Анализируя особенности трудовой мотивации нынешней генерации русских, ряд исследователей, в том числе либеральных, например, утверждают о недейственности в России традиционных трудовых стимулов. Дескать, чем больше людям платят, тем они хуже работают. Тот же Ф. Разумовский полагает, что это связано с негативной ролью денег в русской мифологии. И вообще с отличием православной трудовой этики от протестантской. На вопрос, что же все-таки является "ядром" собственного "российского цивилизационного пути", часто отмечается, что "главной, системообразующей ценностью самобытной русской культуры сторонники "русского пути" провозглашают православную соборность, противопоставляя ее не только буржуазному индивидуализму и эгоизму, но и коммунистическим "коллективизму", "классовой солидарности", "общественности". Между тем для современной генерации «россиян» все эти характеристики могут быть отнесены лишь при изрядной работе воображения. Сравнительные социологические исследования показывают, что по уровню индивидуализации мы ушли далеко вперед по сравнению с европейцами. Да и анализ религиозной ментальности современных «россиян» заставляет предположить, что под "своим православным путем" имеется в виду скорее форма, чем содержание. Ведь в интерпретации модернистской, хотя и антизападнической части общества, то же православие уж очень далеко отстоит от традиционного для России его понимания.

В современной России государство перестало быть экзистенциальной ценностью, превратившись в сугубо инструментальную. И в этом проявляется главный разрыв с "русской традицией".

Наше посттрадиционное общество чрезвычайно бедно "коллективным бессознательным", выражающимся в продуктивной мифологии, и потому конфессиональные ценности являются скорее пассивным инструментом идентичности, нежели способны мотивировать наши социально значимые поступки. На наш взгляд, проблема низкой мотивации материальных факторов и вообще слабость продуктивных ценностей скорее состоит в несформированности социальной структуры в постреформенной России, ее нелегитимности и вообще низкой легитимности нынешнего общественного порядка в целом. И, соответственно, ключевой задачей является построение нового легитимного порядка, а не искусственная протестантизация системы русских ценностей. Ценности развития, по сути, сформированы, но в силу отсутствия адекватных общественных механизмов и институтов носят декларативный, а не "продуктивный" характер.

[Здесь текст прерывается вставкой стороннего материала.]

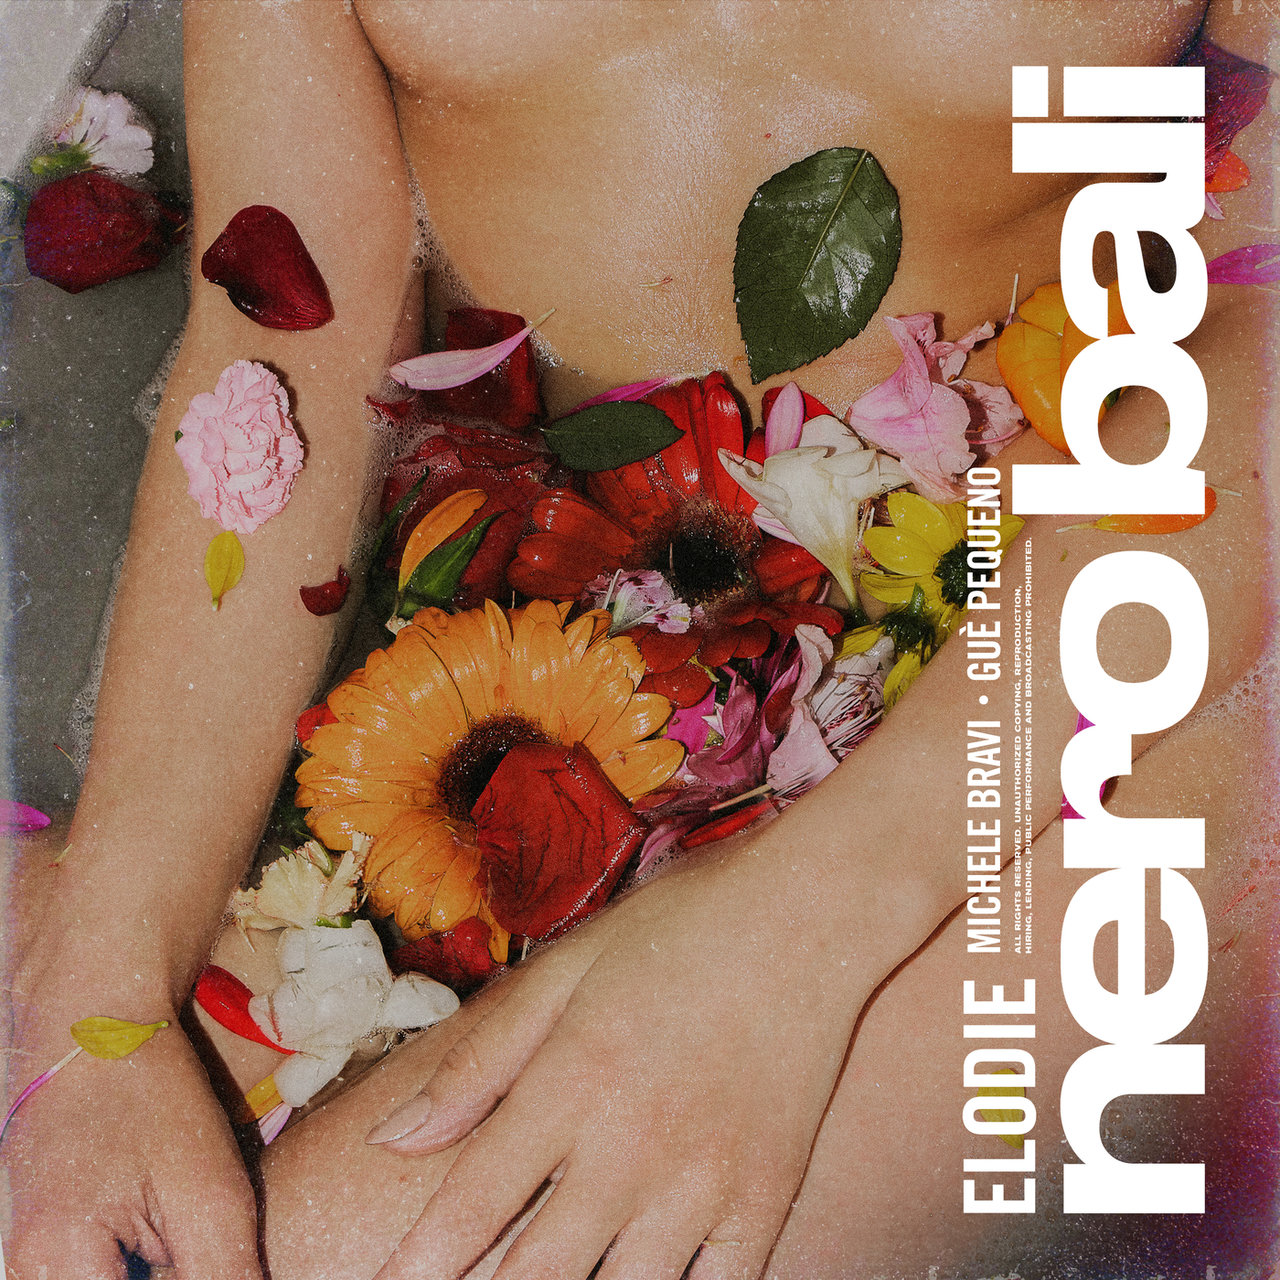 Elodie, Michele Bravi, & Guè Pequeno — Nero Bali cover artwork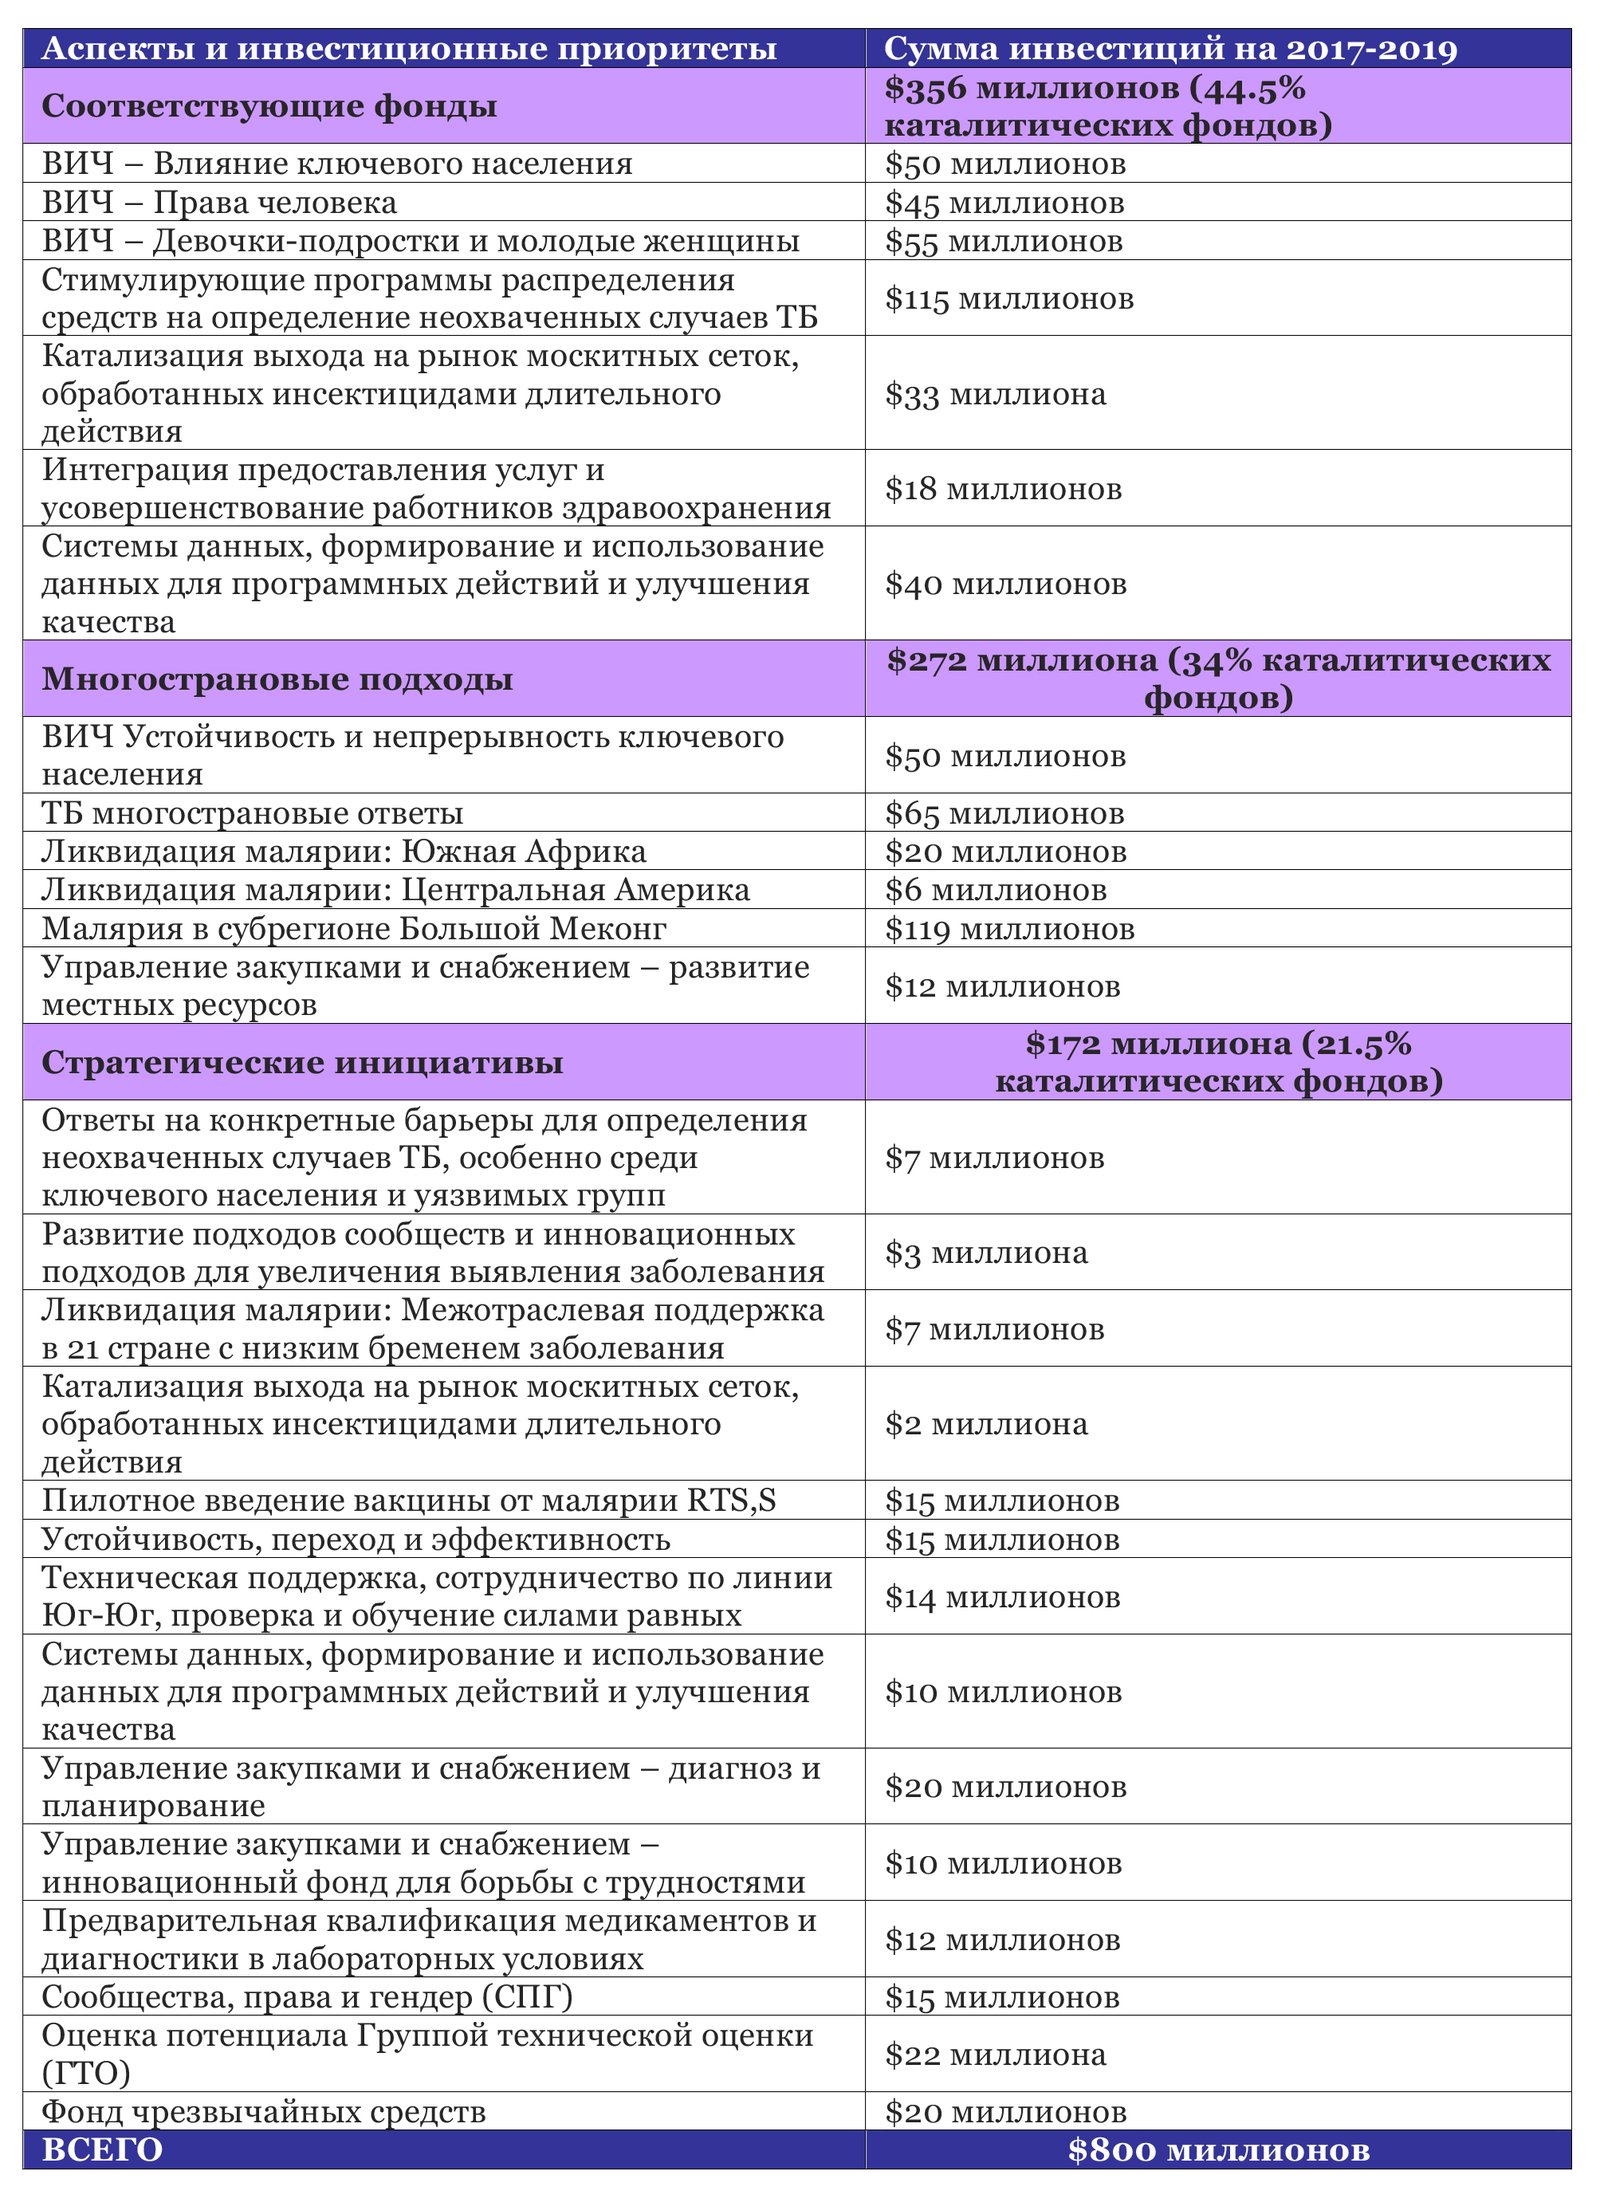 Microsoft Word - table 1 rus.docx

С распадом советского строя, а на самом деле еще раньше, произошел и фактический этнический распад, утрата общенациональной субъектности. Догоняющая модернизация в качестве официальной идеологии 90-х годов сделала ситуацию еще более драматической, так в ее ходе "социально поощряемой" моделью поведения (в модернизационных сегментах общества) стала установка на крайнюю индивидуализацию жизненных алгоритмов, на "спасение с тонущего корабля" российской субъектности в одиночку. Однако неоконсервативная тенденция в российском обществе, наметившаяся с 1998-2000 гг., существенно изменила вектор общественного запроса и основные парадигмы массового сознания.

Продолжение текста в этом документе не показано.